Getting Stoned With Savages - J. Maarten Troost [98]
The bar looked out over the harbor, and as I watched the yachtie kids playing with the Fijian kids—a little tableau of multiracial harmony—I was suddenly seized with a deep pang of longing for my little one. How excellent it must be, sailing across the expanse of the Pacific with your family, spending a few months or a few years on an island and moving on as whim determined. “Not with this wife,” Sylvia had said when I’d expressed my longing for a life at sea back in Port Vila. A fantasy, then, it would likely remain.
“Hey, man,” said one of the patrons. “You’re Steve, right? You play the trombone.”
“No, sorry, you must have me confused with someone else.”
“You’re not Steve?” he said, giving me a bleary-eyed look. “Well, who are you, man?”
It was like meeting the Dennis Hopper character in Apocalypse Now. He called himself John.
“It’s about the solitude, man,” he replied when I asked him about his boat. “If you can deal with solitude, you can deal with anything. You don’t need no $200-an-hour psychoanalyst, man. Just sail a boat for forty days and forty nights and you deal with all kinds of shit. HA HA HA.”
It had been a long, strange trip for John.
“Yeah, I was in Vietnam, man. How could you tell? HA HA HA. It’s ’cause we’re all fucked up, right? I did underwater demolitions, but I didn’t kill anybody. I don’t want to talk about that, man. HA HA.”
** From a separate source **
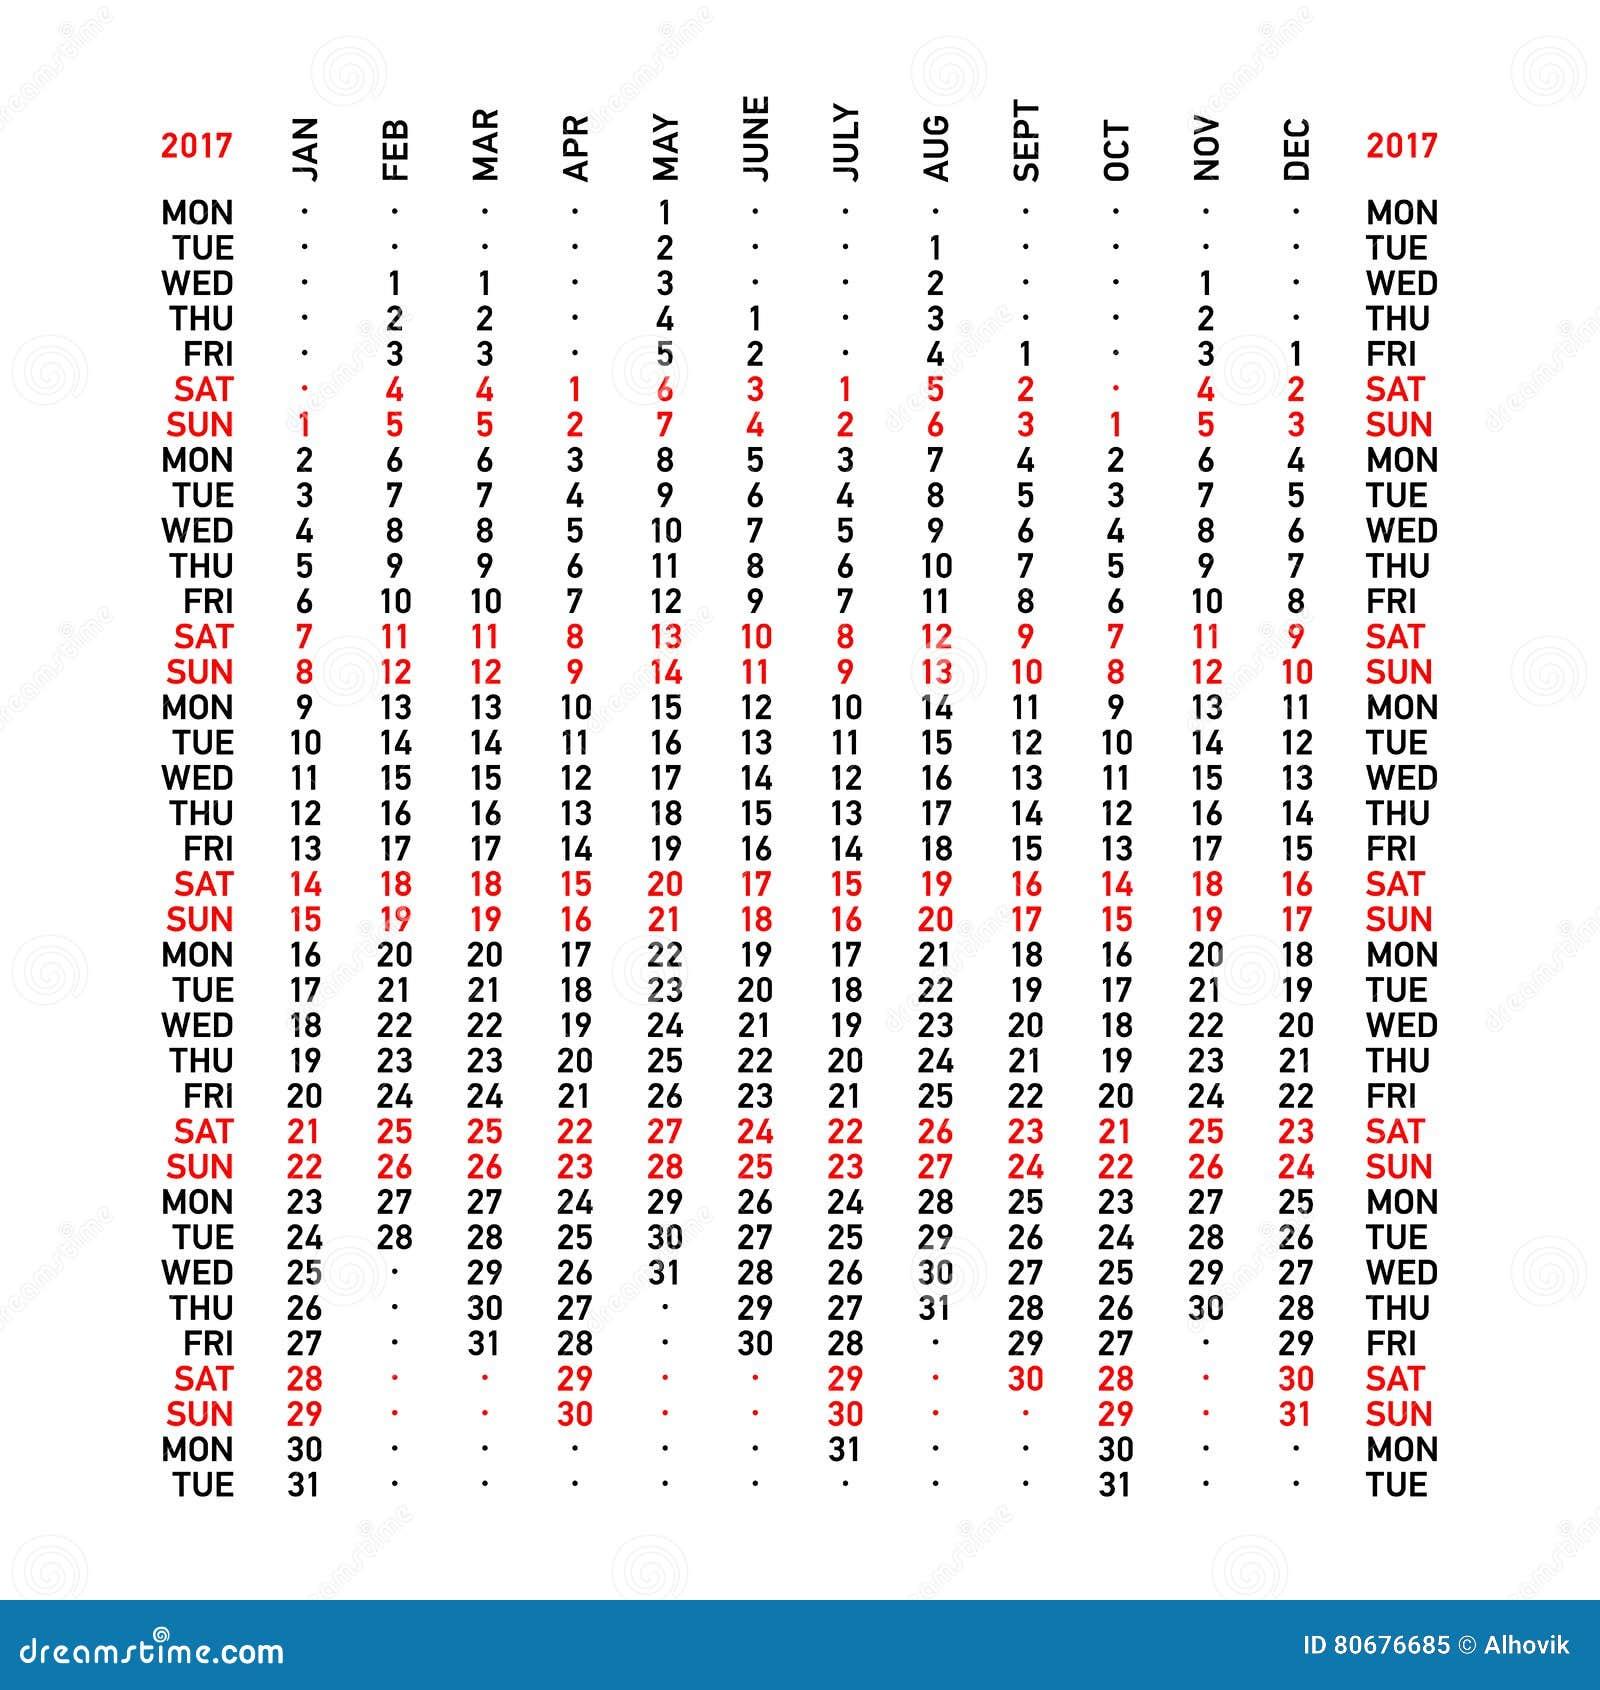 Vertical Calendar 2017 Stock Vector - Image: 80676685

John had been sailing for eight years. I couldn’t imagine how he’d endured it. He was a bundle of loose nerves, trembling in a way that suggested a man off his meds. Most of the yachties I had met were calm and cerebral, the kind of people who happily spend an entire day methodically sanding an oar so that it moves through the water with perfect efficiency. John just twitched. He was a lone sailor. It had taken him forty days to sail from Panama to the Marquesas.
“Solitude, man. It makes you stronger. I spent three years in Alaska, man. I lived in the fucking woods. Only went into town once a month. HA HA.”
I asked him where he’d been in the Pacific.
“Everywhere, man. Tahiti, Tonga, New Zealand, the Cooks. They charge $15 a day to dock in the Cooks, man. I was out of there in nine days.”
I wondered how he lived. “Do you do charters?” I asked. For cash, many of the yachties chartered their boats.
“Charters,” John sputtered. “Oh, no. Then you got to take care of them, give them drinks, have a license. HA HA. No.”
The sun had set, leaving a blue twilight.
“I got married, man,” John said. “Fijian woman. Having a baby. HA HA.”
“So are you settling in Savusavu?” I asked.
“I don’t know. Yeah, sure. Who fucking cares? You might say I’ve dropped out of society.”
I had a sense that John would keep moving, that he would keep looking for something, unsure of what precisely he was looking for. I understood the feeling. It wasn’t long ago that I too had felt the twitching restlessness. Paradise was always over there, a day’s sail away. But it’s a funny thing, escapism. You can go far and wide and you can keep moving on and on through places and years, but somehow you never escape your own life. I, finally, knew where my life belonged. Home.
IT’S FUNNY HOW TIME PASSES WHEN YOU HAVE A CHILD. Before Lukas arrived, I had always been able to press the pause button on life. I’d find a nice place somewhere between jobs and rest there for a while, a still life in a moving picture. But there was no pausing with Lukas. Just as I’d grown accustomed to his ability to sit upright on his own, he went ahead and started crawling.